[DATA FOR THIS EXERCISE]
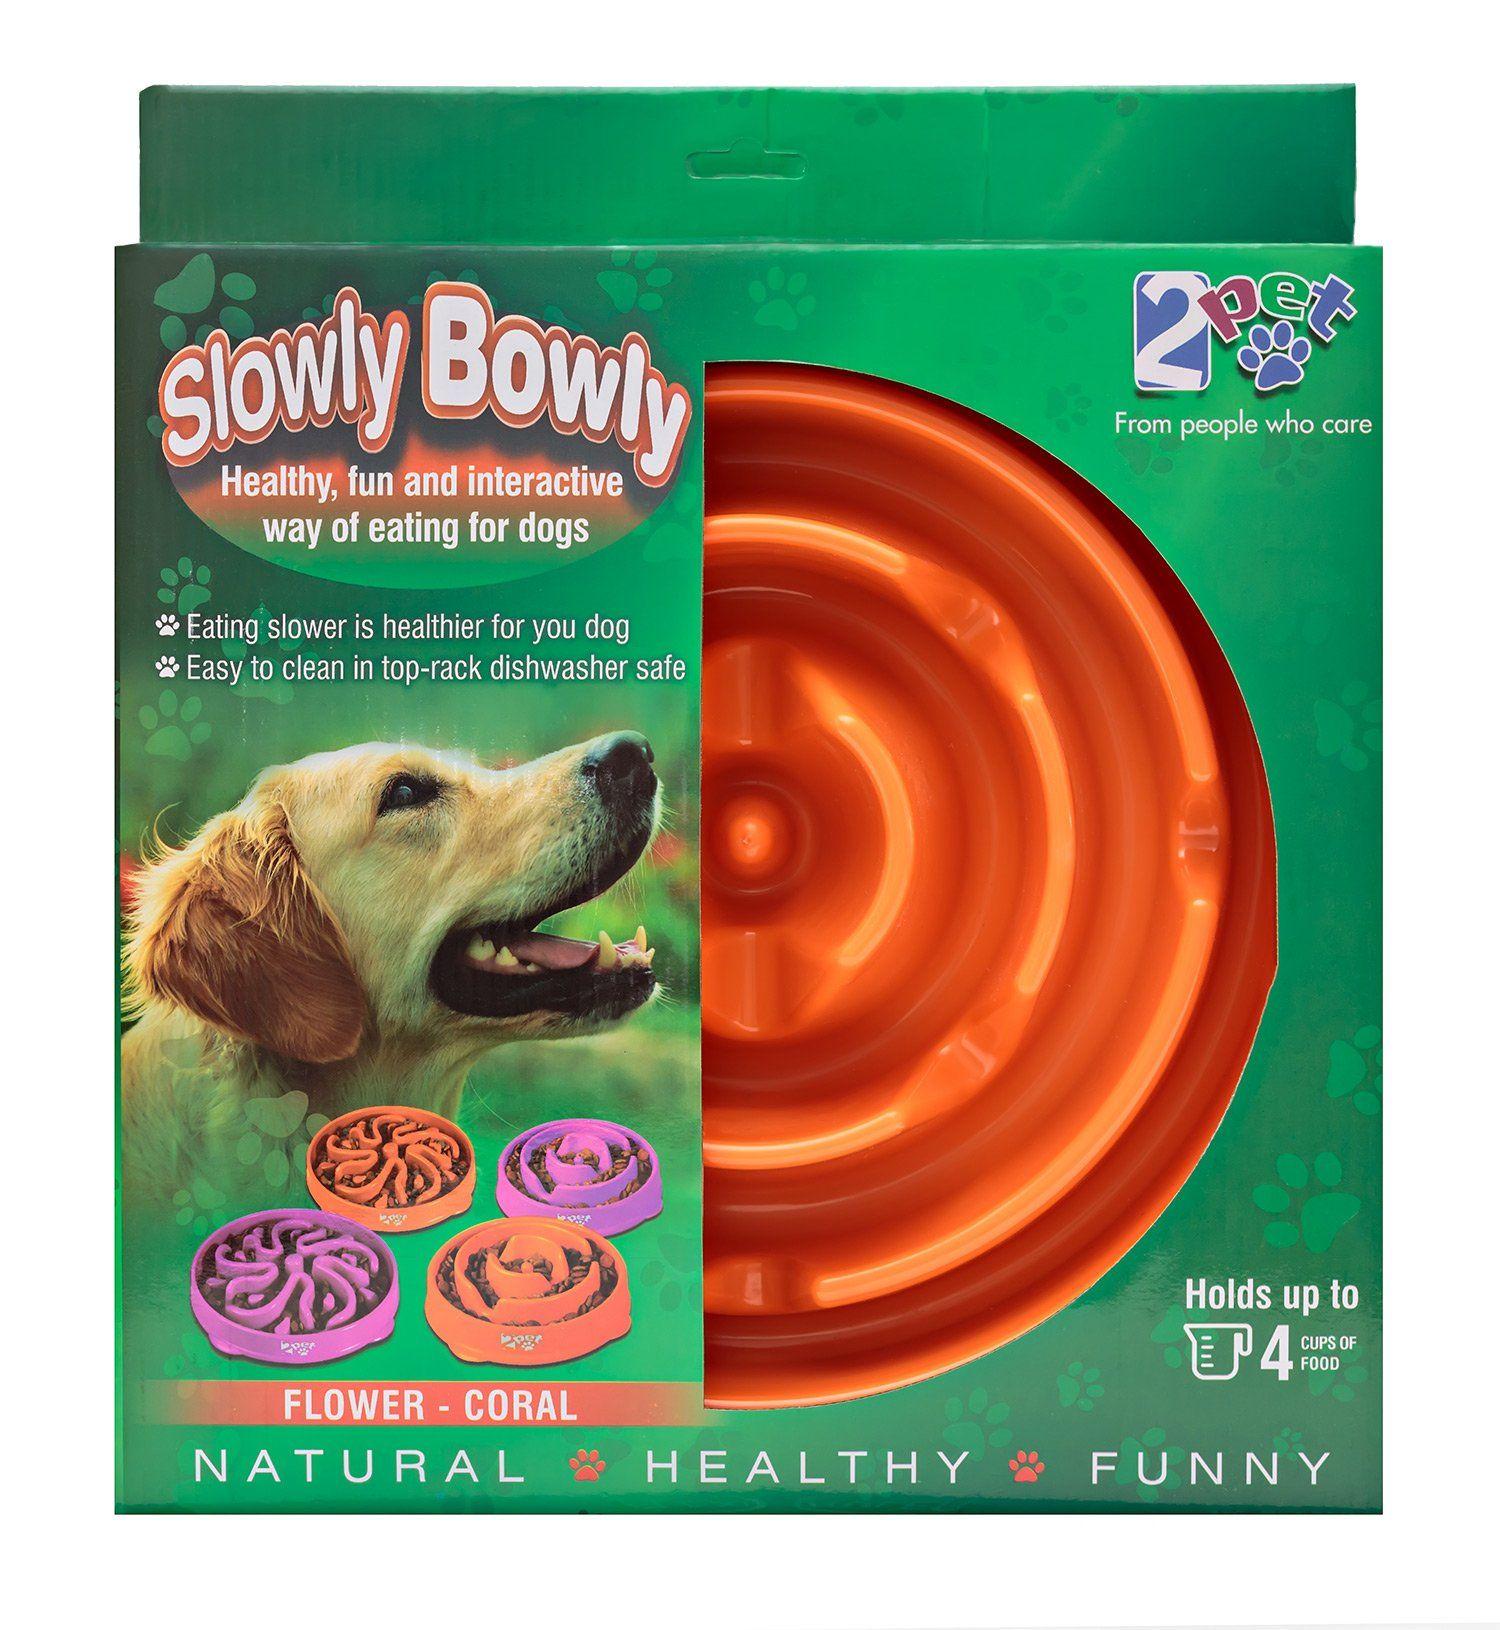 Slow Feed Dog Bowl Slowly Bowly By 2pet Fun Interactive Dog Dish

--

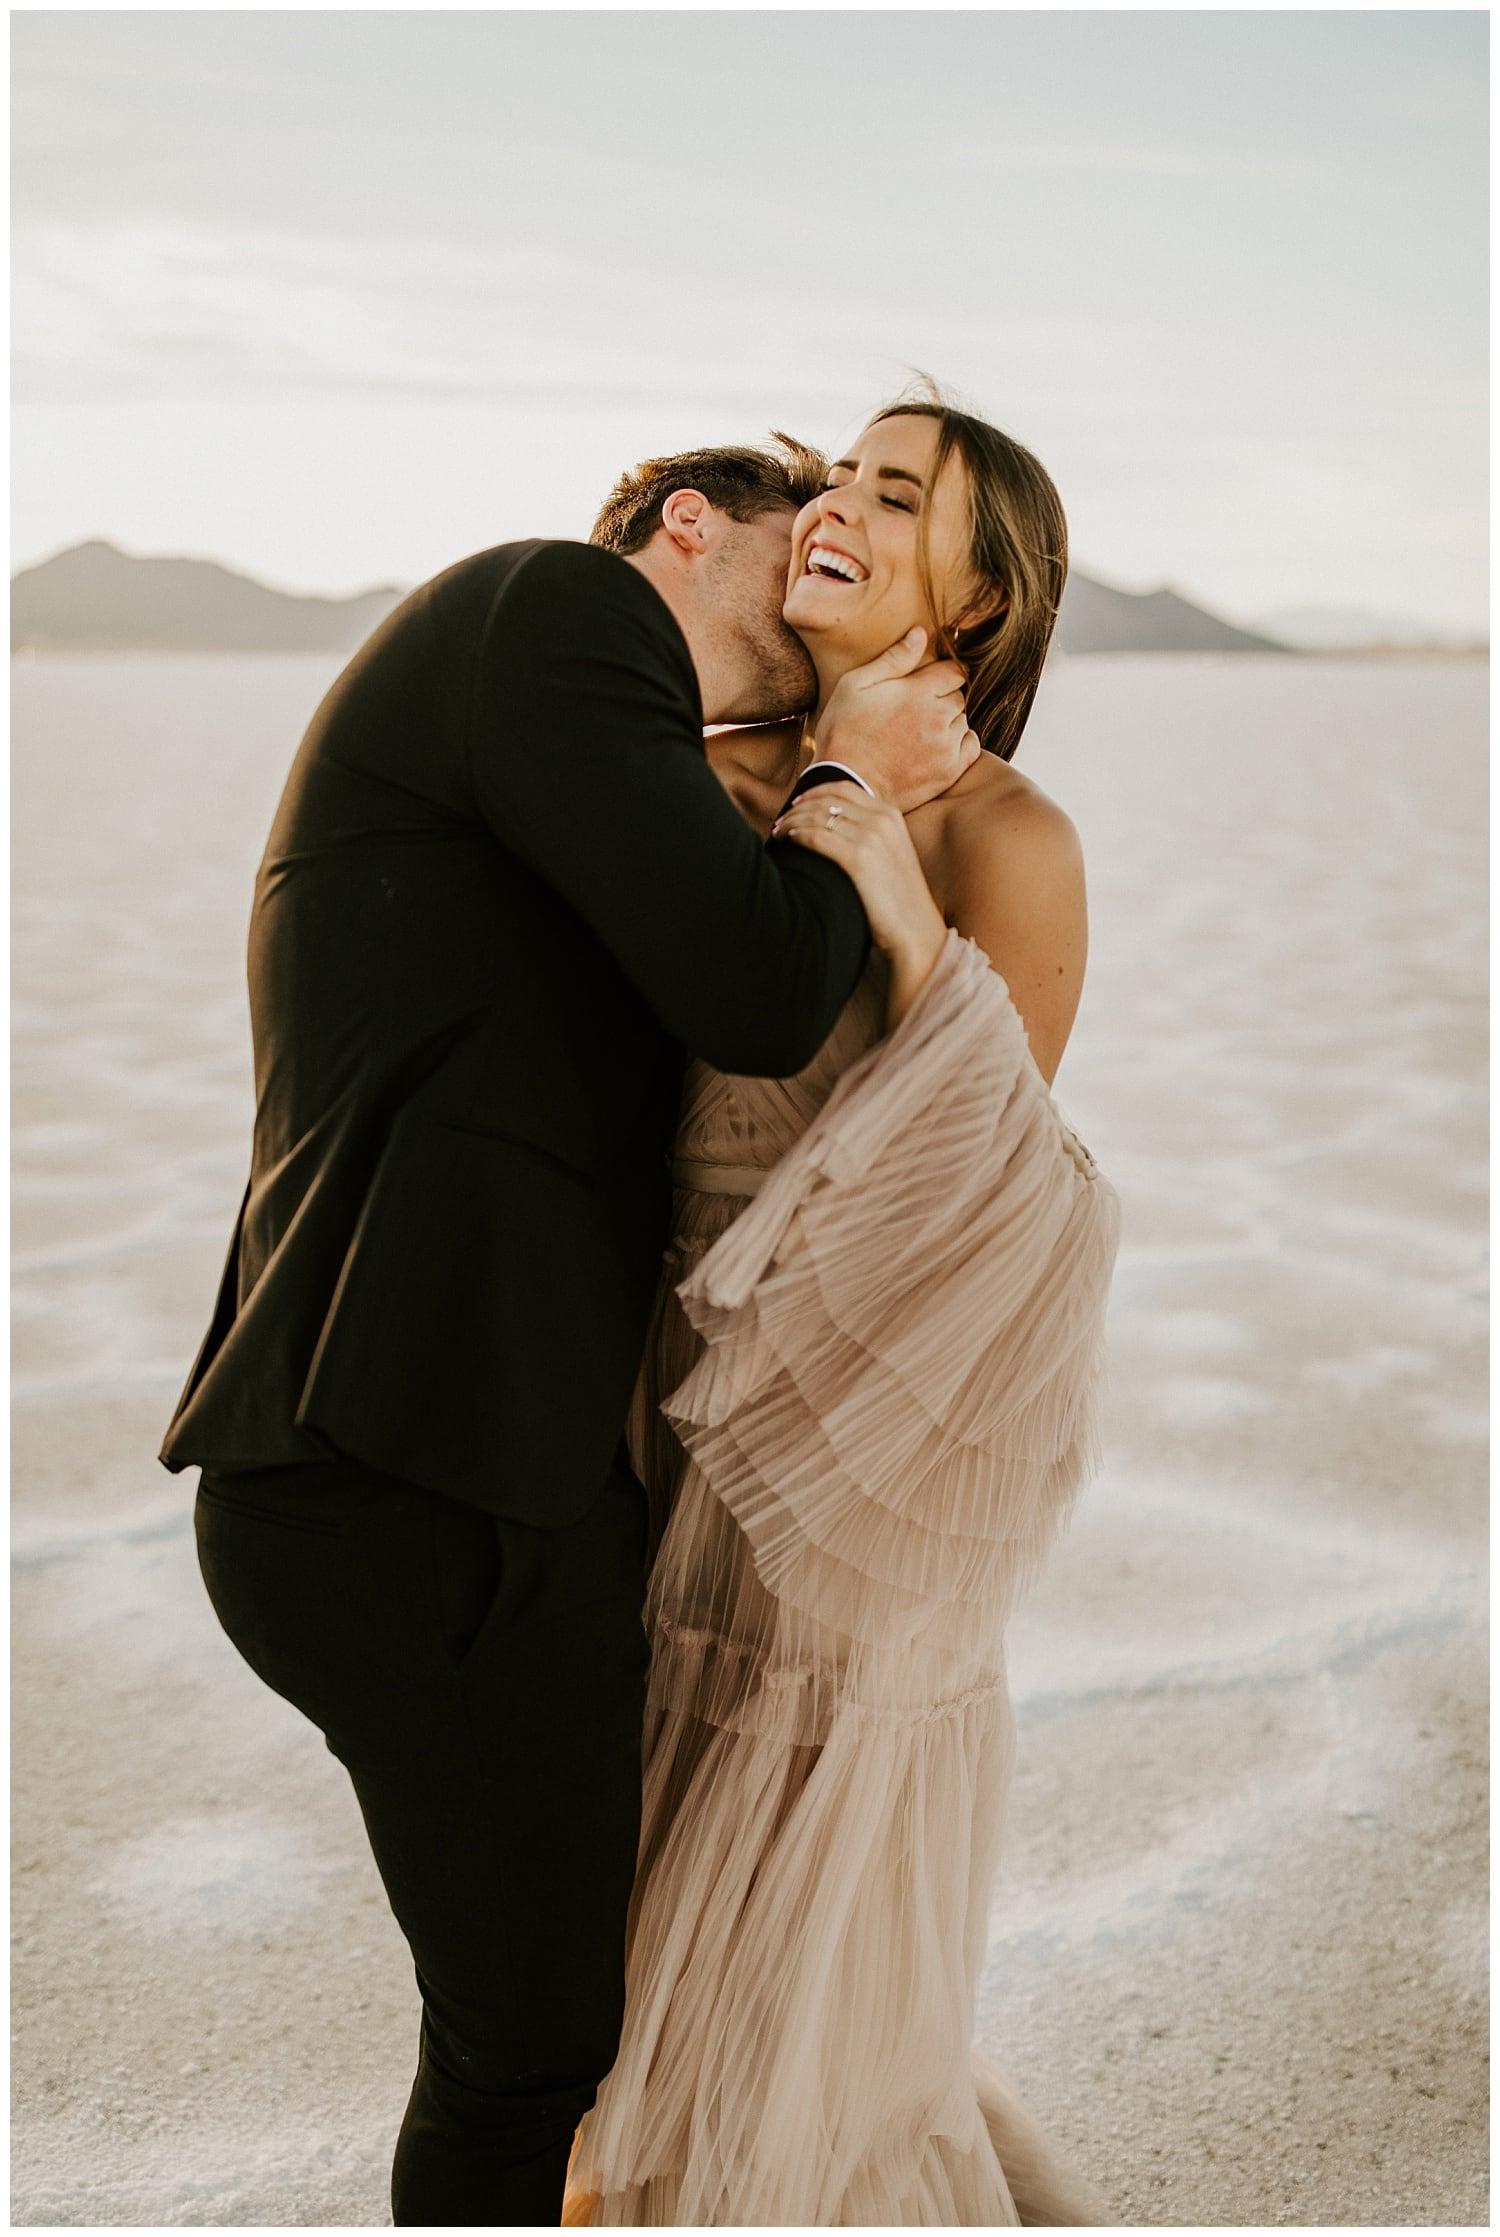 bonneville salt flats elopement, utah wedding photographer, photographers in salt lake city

---

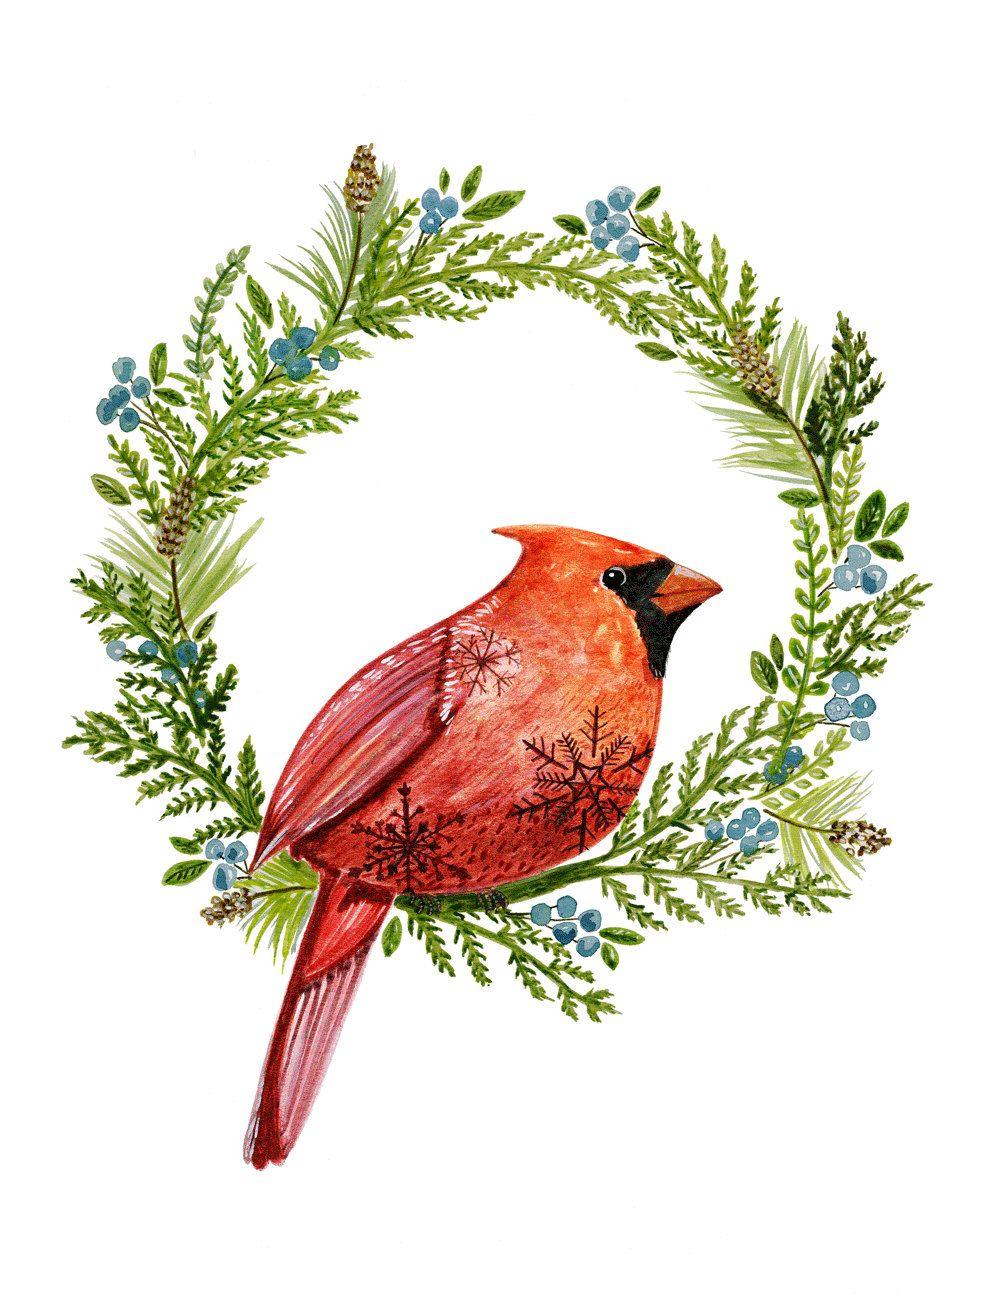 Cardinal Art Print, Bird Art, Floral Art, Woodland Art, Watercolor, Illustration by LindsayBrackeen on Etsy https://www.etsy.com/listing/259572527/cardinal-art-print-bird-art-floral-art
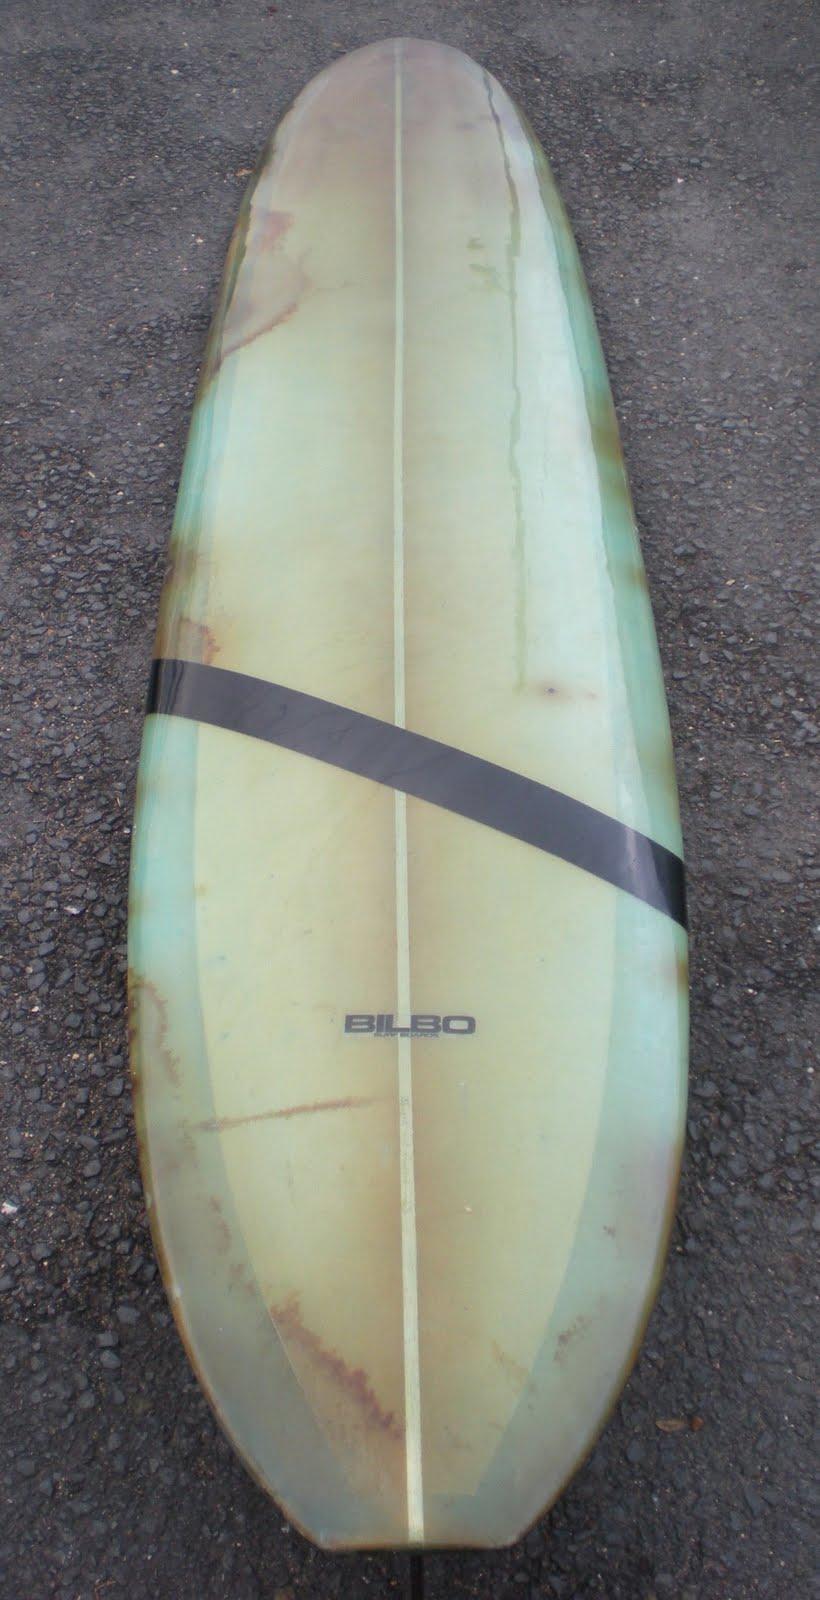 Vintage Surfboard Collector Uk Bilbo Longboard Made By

[TASK BRIEF]
Would you transcribe the lines above exactly, going from the line bearing "Cardinal Art Print, Bird" through the line bearing "Vintage Surfboard Collector", and drop the pictures from the copy?

[TASK OUTPUT]
 Cardinal Art Print, Bird Art, Floral Art, Woodland Art, Watercolor, Illustration by LindsayBrackeen on Etsy https://www.etsy.com/listing/259572527/cardinal-art-print-bird-art-floral-art
 Vintage Surfboard Collector Uk Bilbo Longboard Made By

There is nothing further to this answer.